Contact: Larry Whitman, WSU Associate Dean for Undergraduate Education, College of Engineering |
Wichita has been named a finalist for the coveted US2020 City Competition, one of 13 cities chosen out of 52 applicants nationwide to bolster STEM mentorship for underrepresented students. The accomplishment recognizes that Wichita may be the best city in the nation to demonstrate the impact of science, technology, engineering and math (STEM) mentoring, said local leaders in government, education, engineering and industry.
The US2020 City Competition capitalizes on the role of cities as centers for innovation, supporting outstanding efforts to build STEM mentoring capacity at the local level. The competition was announced by former President Bill Clinton at the Clinton Global Initiative in June. The other 12 finalists are Allentown, Pa.; Baton Rouge, La.; Boston; Charlotte, N.C.; Chicago; Houston; Indianapolis, Ind.; New York; Philadelphia; Research Triangle, N.C.; San Francisco; and Tulsa, Okla.
Wichita has an extraordinary number of STEM professionals, with the third-highest concentration of engineers in the nation, according to Forbes magazine.
“The US2020 recognition is a great opportunity for the Wichita community to raise awareness about the increasingly important issue of improving STEM mentoring and education,” Brewer said. “The city of Wichita is eager to support the US2020 team in its efforts to go from finalist to a national winner. I’m really excited about future possibilities. Growing more STEM mentors, particularly among underrepresented groups, supports our youth, our schools and our economic development efforts to create and retain jobs as well as talented young professionals.”
Together, the applicants represent:
• More than 500 organizations, including more than 200 nonprofits, 62 school districts and almost 100 businesses;
• Nine of the 10 largest cities in the country;
• 29 states
“Through the City Competition, cities are tapping into their most powerful resources – their citizens,” said Eric Schwarz, executive chairman of US2020 and co-founder and CEO of Citizen Schools. “With representation from such diverse coalitions, we know that we’ve begun to stimulate a movement and are well on our way to making 1 million high quality STEM mentoring matches by the year 2020."

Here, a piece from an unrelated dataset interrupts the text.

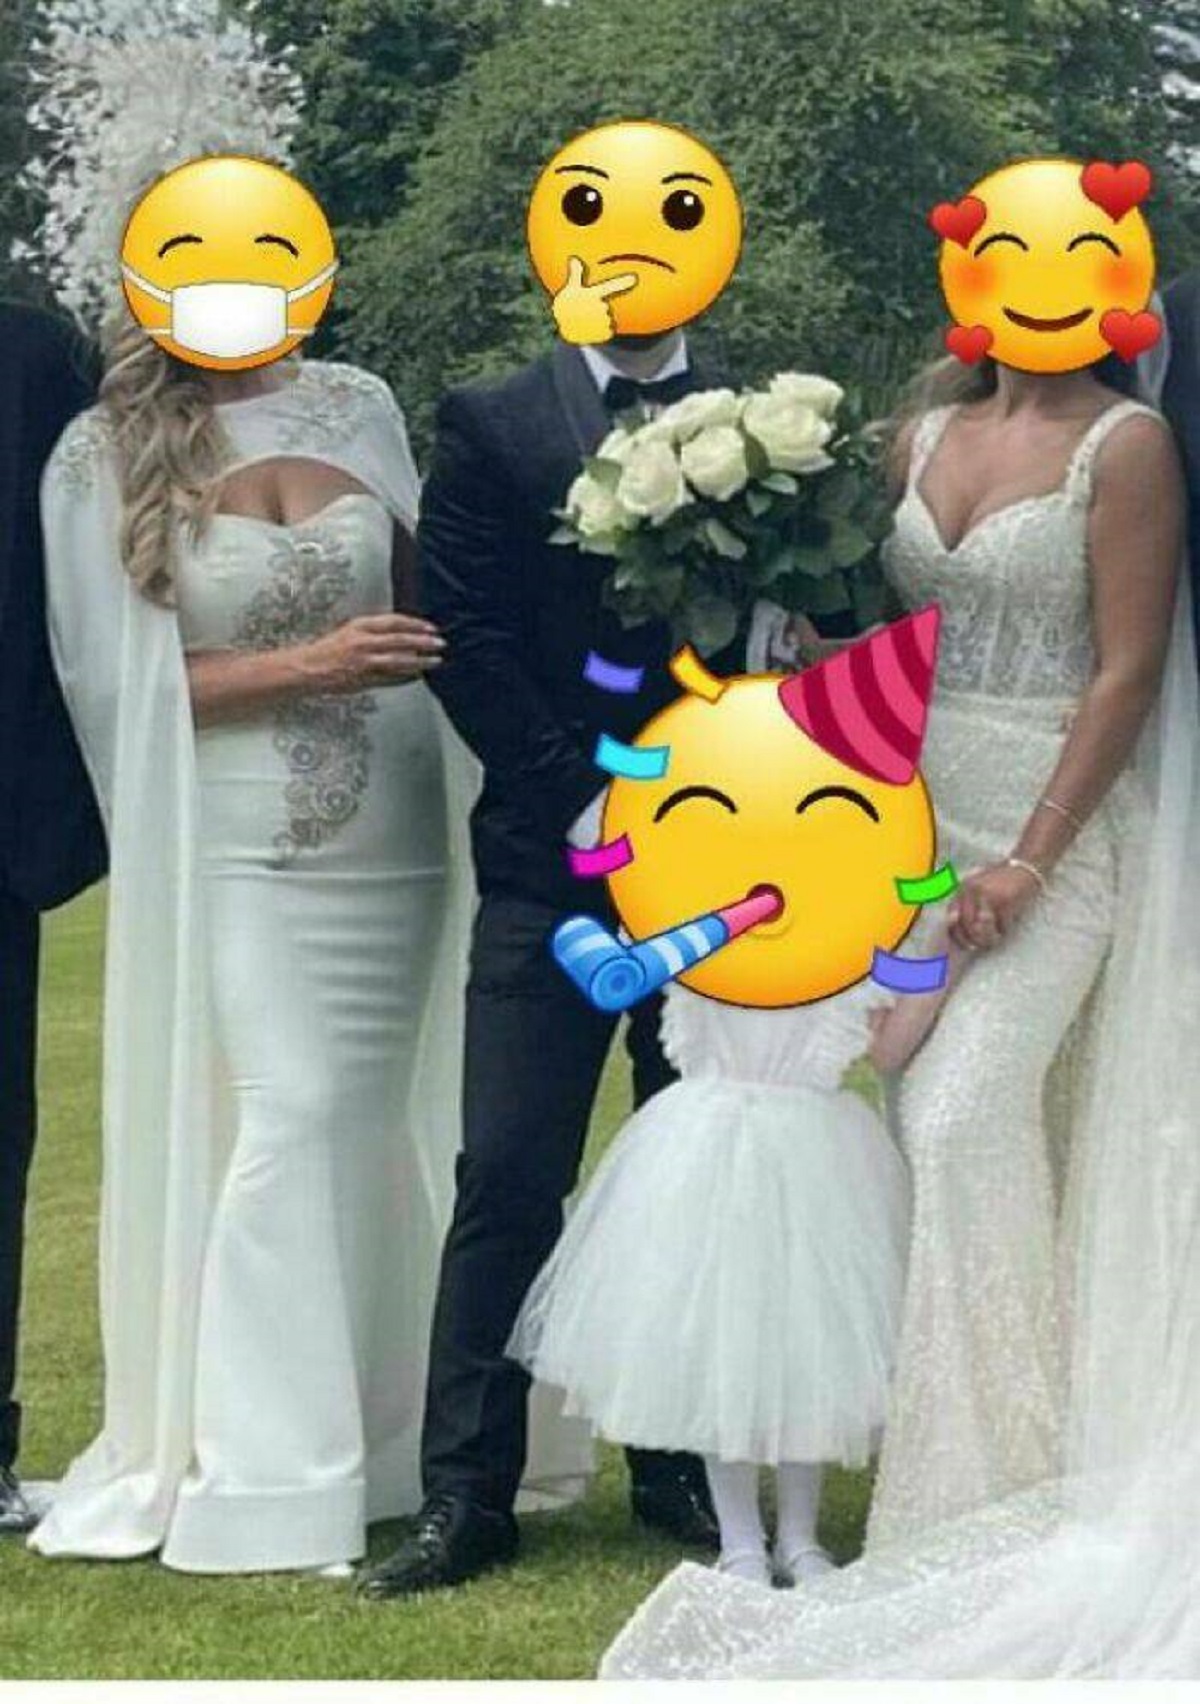 "Motb In White! It Literally Looks Like A Double Wedding To Me"

The Wichita coalition comprises the City of Wichita Mayor’s Office, the Wichita School District (USD 259), the Wichita Catholic Diocese, area nonprofits involved in mentoring youth, and local industries including NetApp and Spirit AeroSystems. Wichita State University is leading the initiative.
“Spirit AeroSystems is proud to partner with the Wichita US2020 project team,” said Brian Black, senior manager corporate public affairs and global diversity. “Spirit is committed to increasing STEM mentoring in our community. We are pleased that the US2020 grants reviewers have selected Wichita as a finalist in their competition to increase STEM mentoring across the nation.”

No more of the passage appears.